### INSTRUCTIONS TO FOLLOW
In the records below, please retype word for word every line from the one containing "Tom Smith Luxury" through the final one, both included, and nothing else.

Records contained in a dataset:
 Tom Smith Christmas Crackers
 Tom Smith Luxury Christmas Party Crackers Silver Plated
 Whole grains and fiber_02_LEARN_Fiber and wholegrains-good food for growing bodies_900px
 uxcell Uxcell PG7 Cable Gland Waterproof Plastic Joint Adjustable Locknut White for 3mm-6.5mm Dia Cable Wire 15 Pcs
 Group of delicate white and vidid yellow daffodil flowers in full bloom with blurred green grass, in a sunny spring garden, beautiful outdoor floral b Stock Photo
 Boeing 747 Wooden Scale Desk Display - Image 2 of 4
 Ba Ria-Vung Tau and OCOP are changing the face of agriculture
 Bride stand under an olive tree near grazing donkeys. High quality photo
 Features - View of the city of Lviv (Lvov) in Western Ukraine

### RESULT FOR THIS EXERCISE
 Tom Smith Luxury Christmas Party Crackers Silver Plated
 Whole grains and fiber_02_LEARN_Fiber and wholegrains-good food for growing bodies_900px
 uxcell Uxcell PG7 Cable Gland Waterproof Plastic Joint Adjustable Locknut White for 3mm-6.5mm Dia Cable Wire 15 Pcs
 Group of delicate white and vidid yellow daffodil flowers in full bloom with blurred green grass, in a sunny spring garden, beautiful outdoor floral b Stock Photo
 Boeing 747 Wooden Scale Desk Display - Image 2 of 4
 Ba Ria-Vung Tau and OCOP are changing the face of agriculture
 Bride stand under an olive tree near grazing donkeys. High quality photo
 Features - View of the city of Lviv (Lvov) in Western Ukraine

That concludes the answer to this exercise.